China is by far the largest currency aggressor but has not been the major perpetrator of late. Three distinct groups are now involved. First are other Asian countries, including Japan, Singapore, Taiwan, Korea, Hong Kong, Thailand and Malaysia. Second are major oil exporters including the United Arab Emirates, Russia, Norway, Saudi Arabia, Kuwait and Algeria. Third are rich countries near to the eurozone, most notably Switzerland but also Denmark and Israel. If Mitt Romney is elected US president, he will be able to label many countries as currency manipulators on his first day in the Oval Office, not just China, as he has promised.

The result of holding large quantities of U. S. currency (and Treasuries) is in effect to export unemployment from the country holding the currency to the issuer of the currency. If China, Japan, Korea, and the other countries mentioned were purchasing U. S. goods and services with the currency they receive for the goods we import from them, it would produce jobs here. Holding currency avoids that. The benefits of trade accrue disproportionately to our government and financial sectors at the expense of the others. It is one of the reasons unemployment is so persistently high.

There are responses we could and should make:

What can be done? The rules of both the International Monetary Fund and World Trade Organization forbid currency manipulation to maintain trade surpluses. These should be implemented at long last. Brazil has taken initiatives to this end and many other developing countries that run trade deficits, and lose from the currency wars, should join. The US and the eurozone should lead the effort. New bilateral and regional trade agreements, such as the Trans-Pacific Partnership, should include such rules.

If the preferred multilateral remedies continue to fail, revealing a huge gap in the international economic architecture, the aggrieved countries should act together to induce currency aggressors to mend their ways. The most direct action would be countervailing currency intervention through which the US Federal Reserve and the European Central Bank buy foreign currencies to offset the exchange rate impact of others’ aggression. Another option would be a surcharge on imports from currency aggressors, as adopted unilaterally by the US in 1971. A third approach would be to impose a transactions tax or a withholding tax on US and European assets accumulated by the aggressors. Given the huge costs of currency aggression, such measures may become necessary to resolve this global systemic problem and allow recovery in the US and Europe.

That’s precisely what we need to do. But we should do so in an evenhanded manner. Singling out China because it is China is not only unfair. It would be ineffective.

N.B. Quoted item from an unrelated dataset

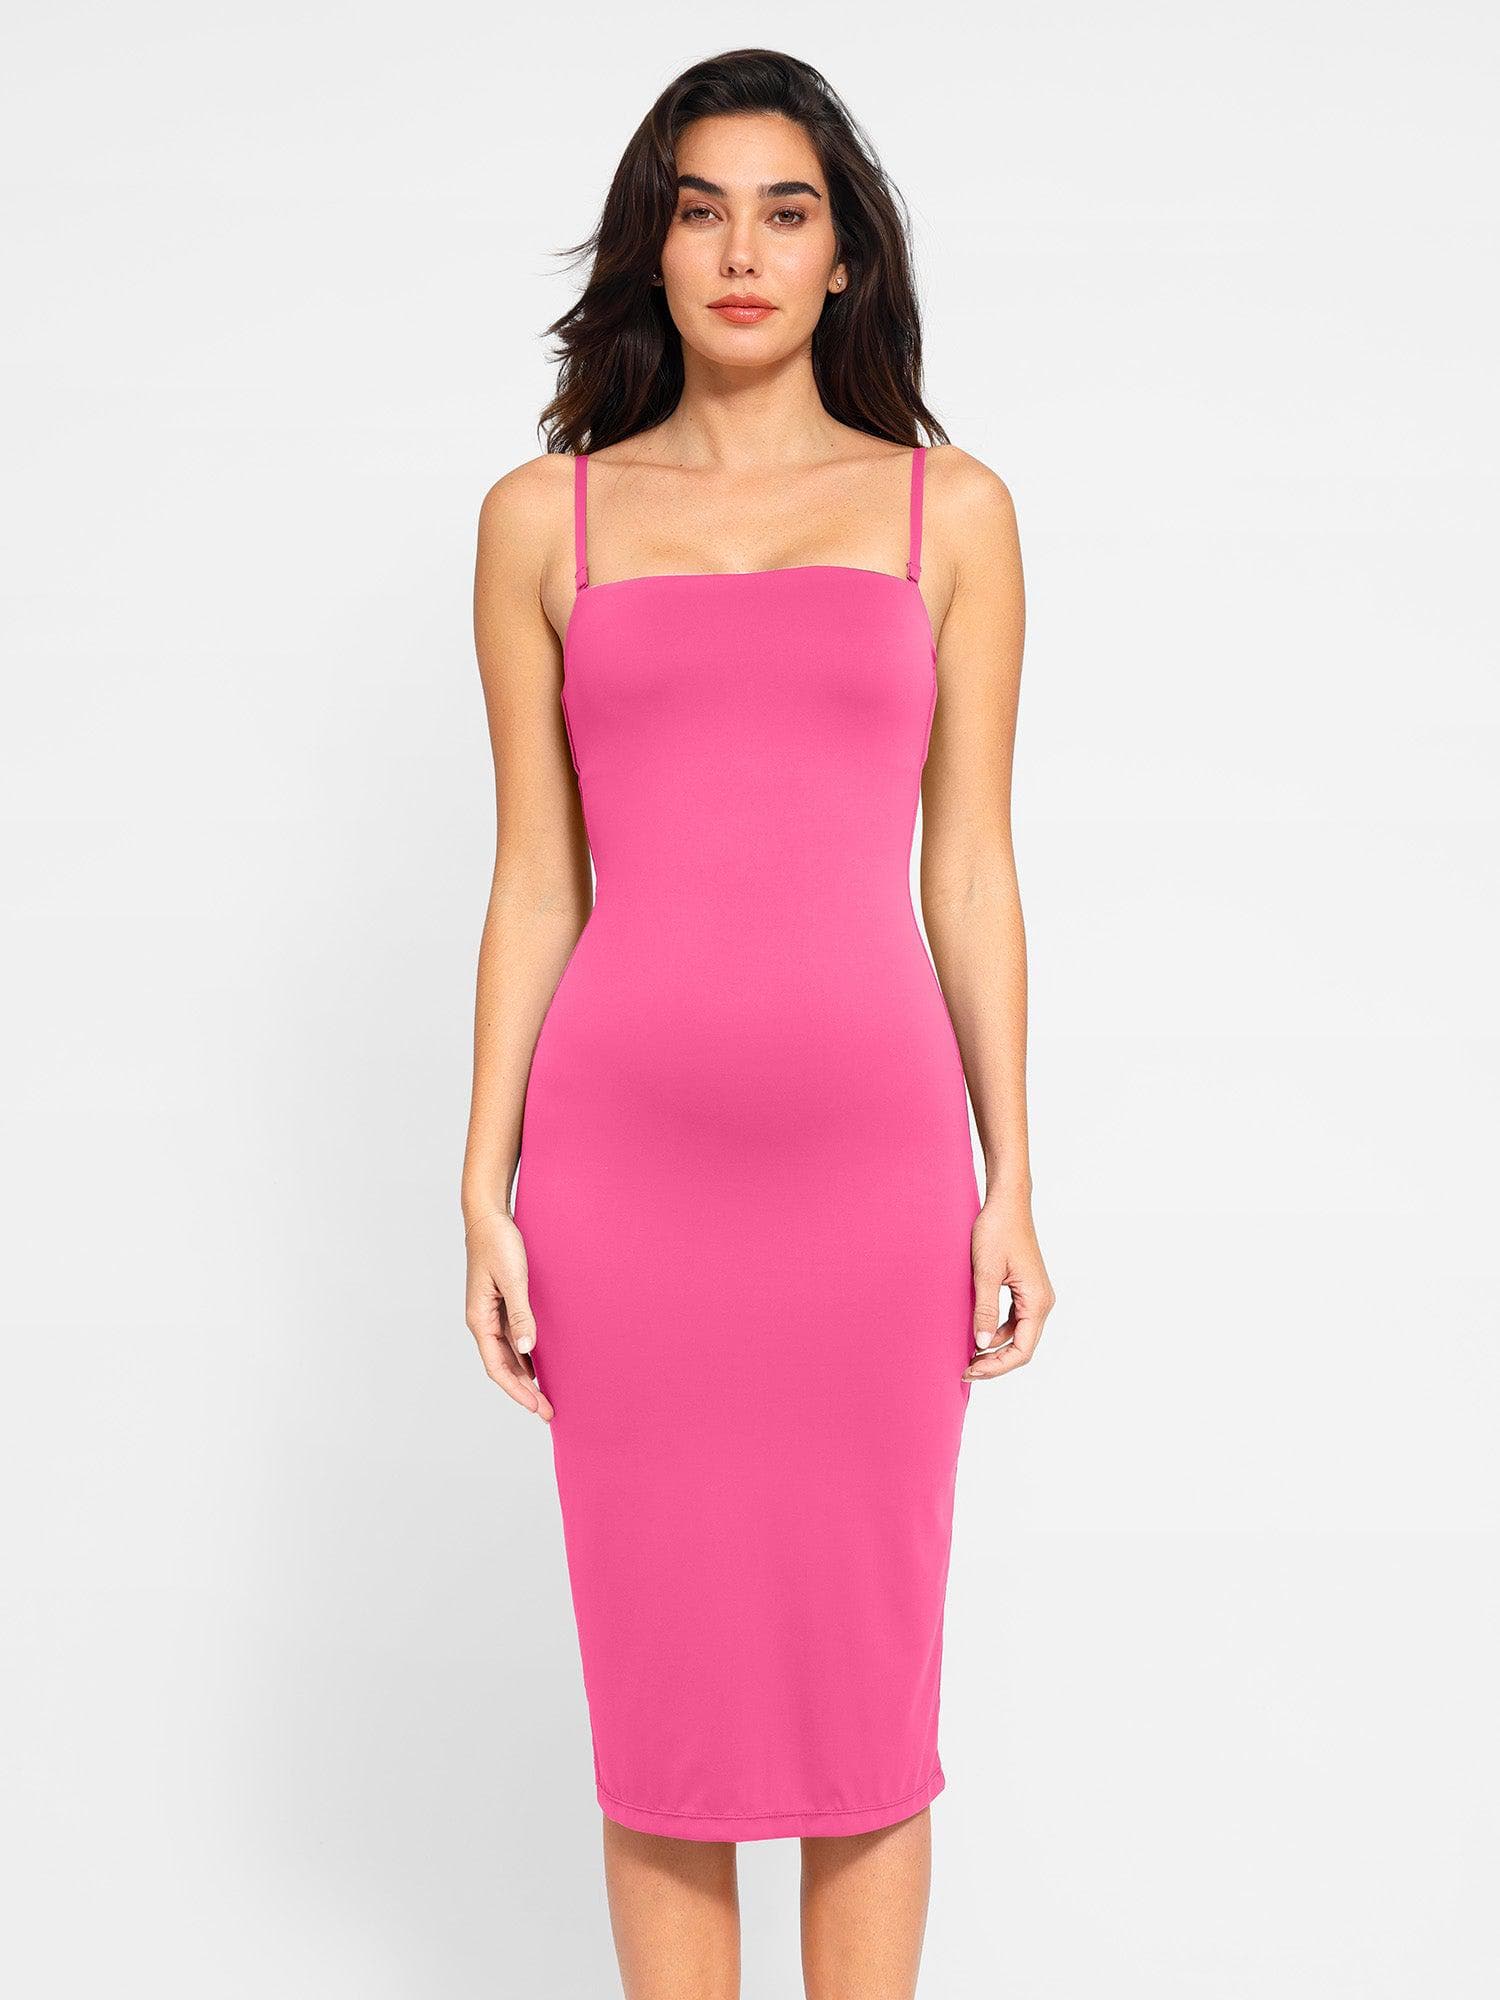 Popilush® Cooling Bodycon Summer Dress Set Dress / Pink / S Bluetag Cooling Built-In Shapewear Tube Maxi Dress Or Shrug
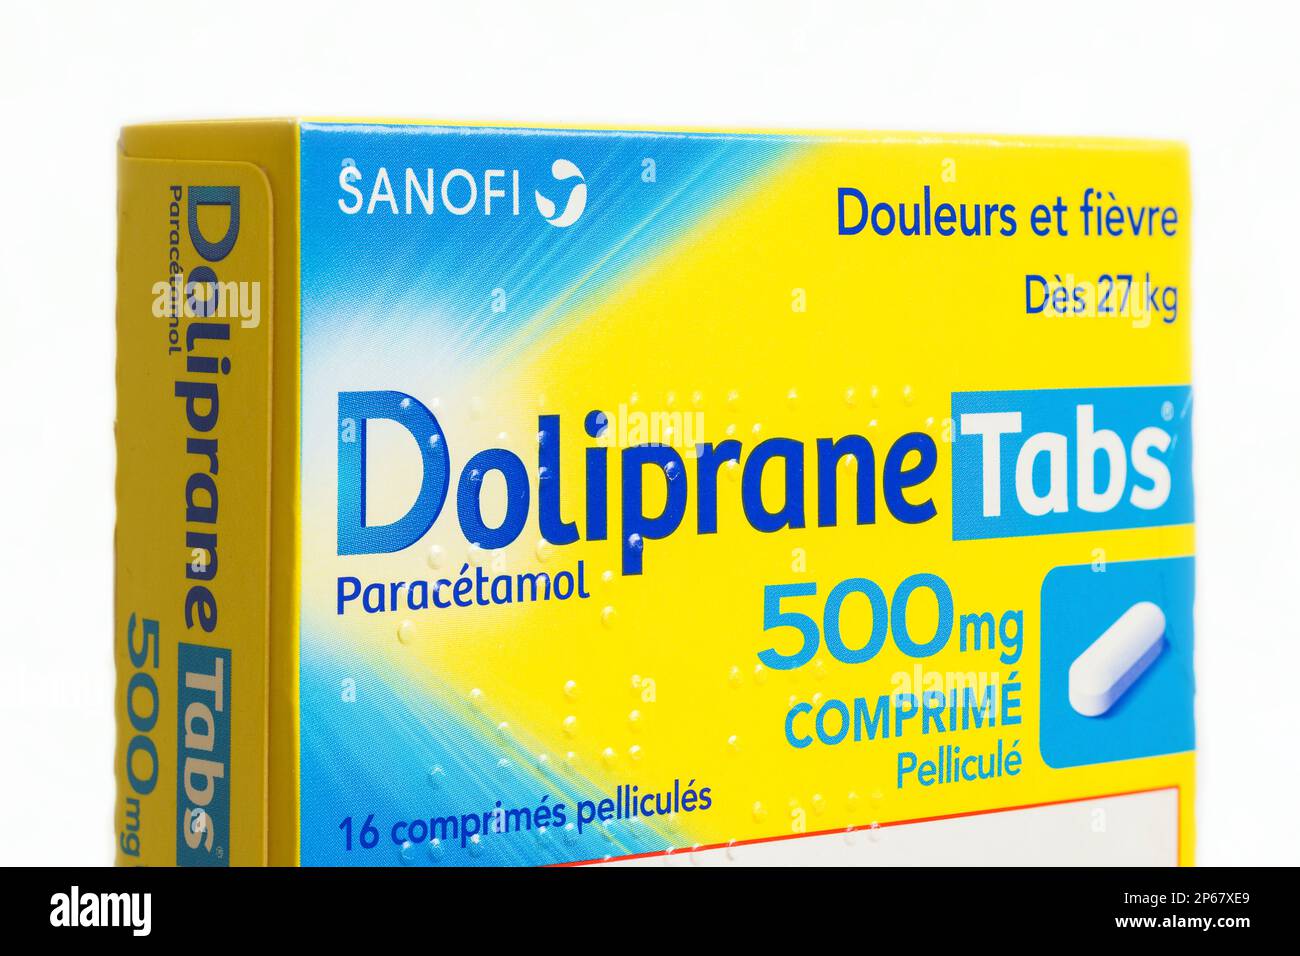 Doliprane 500 mg from Sanofi, Paracetamol tablets painkiller Stock Photo

FILED UNDER: Asia, US Politics, , , , , , , , , , , , , , , , , , ,
Dave Schuler
About Dave Schuler
Over the years Dave Schuler has worked as a martial arts instructor, a handyman, a musician, a cook, and a translator. He's owned his own company for the last thirty years and has a post-graduate degree in his field. He comes from a family of politicians, teachers, and vaudeville entertainers. All-in-all a pretty good preparation for blogging. He has contributed to OTB since November 2006 but mostly writes at his own blog, The Glittering Eye, which he started in March 2004.

Comments

  1. Because it’s politically popular to pick on China.

    It’s the same reason that the Obama campaign has been running ads in Ohio about Romney sending jobs to China while he was at Bain (a not entirely true claim, but this is politics where the facts are made up and the truth doesn’t matter).

  2. stonetools says:

    Republicans need a world class enemy.

    Those escalating requests for more defense spending have to be based on something, you know.

  3. MBunge says:

    “One of the aspects of Mitt Romney’s stated foreign policy positions that I find most distressing is his overemphasis on China.”

    You should be either distressed or reassured that Romney almost certainly doesn’t believe a single thing he’s saying about China and wouldn’t do anything different than any other President on the issue. I mean, Romney is clearly a Palin-level boob on foreign policy, but he’s got to know how the business community and Wall Street would react if he actually tried to follow through on any of his China-bashing talk.

    Mike

  4. DC Loser says:

    Romney is such a walking contradiction of past and present political positions that NOBODY knows what he’ll do if he’s elected President. The guy just like having the title, perks, and most important, the power of the Presidency. The actual doing of the job is just a mere detail.

  5. john personna says:

    I sort of give any nation the right to maintain their own currency, and I kind of disbelieve that any country can fight the market to set their currency at any unnatural level (too high or too low) for long.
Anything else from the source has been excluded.